Mardi. 12h 00. 4e étage
gauche.
Moins cinq, la télévision
française n°1 n’en a pas terminé. Vous nous
faites entrer. Vous vous excusez : nous n’aurons pas
longtemps à attendre. En effet.
L’appartement encombré
comme indiqué à la porte : Catherine Breillat
et précisé au-dessus CB Films : rien ne
semble pouvoir tout contenir et le reste est à sa place.
Un défi à Marie-Claire Déco. Et au maniaque
du rangement que je suis.
Vous, d’abord. A peine ai-je
le temps de m’apercevoir que vous êtes plus menue, plus
jeune, plus éclatante " en vrai "
que… Vous m’emportez dans la conversation avant de m’y installer.
Nous emportez. Vous ne laissez non plus se faufiler l’œil
de David à la dérobée. Vous le rappelez
à sa présence. L’œil, la voix. Point de poids
des photos sans choc des mots.
Déjà la pensée
rigoureusement en place. Les mots débordent le cadre.

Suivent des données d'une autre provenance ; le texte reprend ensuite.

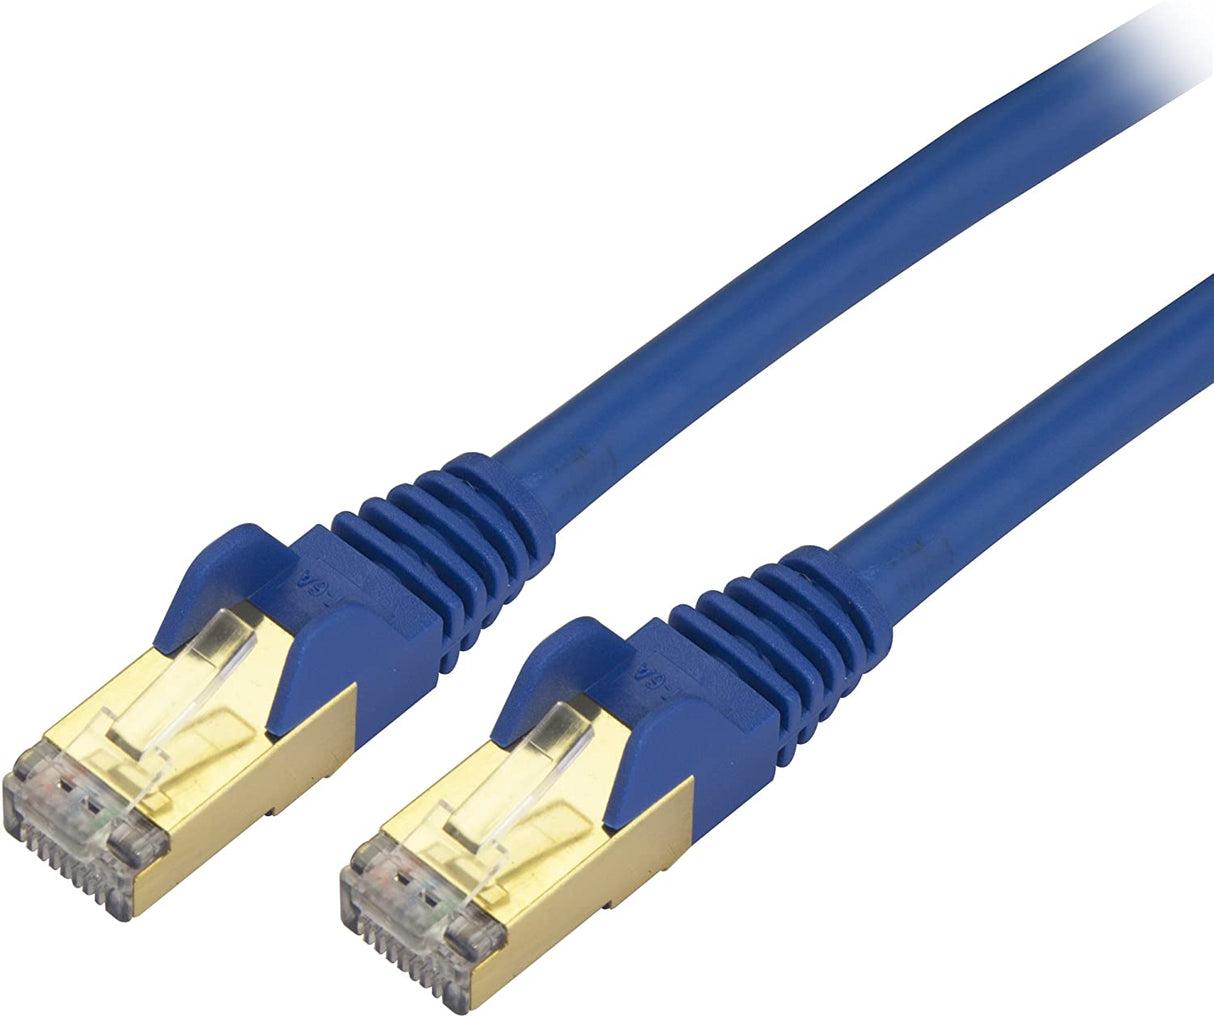 StarTech.com 8ft CAT6a Ethernet Cable - 10 Gigabit Shielded Snagless RJ45 100W PoE Patch Cord - 10GbE STP Network Cable w/Strain Relief - Blue Fluke Tested/Wiring is UL Certified/TIA (C6ASPAT8BL) 8 ft / 2.5m Blue

Rompent. L’interview n’aura pas lieu. Un défi au prêt
à penser. Bien sûr j’ai dû vous sembler
ridicule à m’excuser de ne pas avoir mis mes questions
au propre. En ordre. Aujourd’hui, j’en souris. Comme vous,
alors : évidemment.
On a dû se battre
pour que le film ne soit pas interdit aux moins de seize ans.
Après les polémiques de Romance, on était
dans le collimateur… de l’agacement au triomphe vous riez :
on leur explique pas aux gosses, on leur montre pas comment
on met une capote. Moi, je le fais qu’on vienne pas m’emmerder.
vous dites encore qu’est-ce qui est choquant ? Le scandale
n’est jamais là où on le met. Pour mieux masquer
les vrais scandales. Nettoyage à Sec, c’est
un film correct, pas scandaleux. C’est marketing. C’est ce
que les gens peuvent supporter. Après ils sont fiers
d’avoir supporter quelque chose de très, très
choquant. C’est pas très novateur, or ce qui importe
c’est de donner une nouvelle vision des choses. Ça
vous scandalise.
Je tente l’interview. magnéto,
questions, calepin, stylo.
Question : dans L’Homme
Facile, vous écrivez… amusée, vous riez,
moi j’ai écrit ça ? La question restera
sur le papier. Vous la saisissez déjà. Le prince
charmant est la plus grosse arnaque faite aux petites filles.
Votre conte préféré c’est La Belle
et la Bête. L’amour qui rend beau, pas le contraire.
Après on ne sait plus assumer. On se/nous trompe sur
l’obscène. Vous dites justement…
Ce n’est pas le sexe, les
pratiques sexuelles qui peuvent être dégradantes
certes qui font l’être. Il y a confusion. Révoltante.
On fait du sexe un truc énorme qui précède
et qui fonde l’être alors que c’est banal. Le sexe c’est
l’affaire de l’être. Après faut juste assumer
cette part et on nous apprend pas, on sait pas assumer. On
devrait pouvoir tout assumer. Le pire, le moche y compris.
C’est nous dans nos failles. C’est difficile quand c’est pas
reluisant, mais je tends à ça. On est dans une
société de la réussite, c’est épouvantable :
il ne s’agit pas de réussir, il s’agit d’entreprendre,
de proposer. Aller sans cesse vers ce qui n’a pas été
fait. L’échec ce n’est pas de ne pas y arriver, c’est
de ne pas commencer. Se laisser porter. C’est comme bêler
avec le troupeau, c’est pire que tout. Impossible à
assumer. Pourtant ils assument. On leur dit que le scandale
est ailleurs. Ils renoncent à leurs rêves. Pas
seulement ça. La plupart des gens, dix ans plus tard,
sont devenus ce qu’ils exécraient à l’adolescence.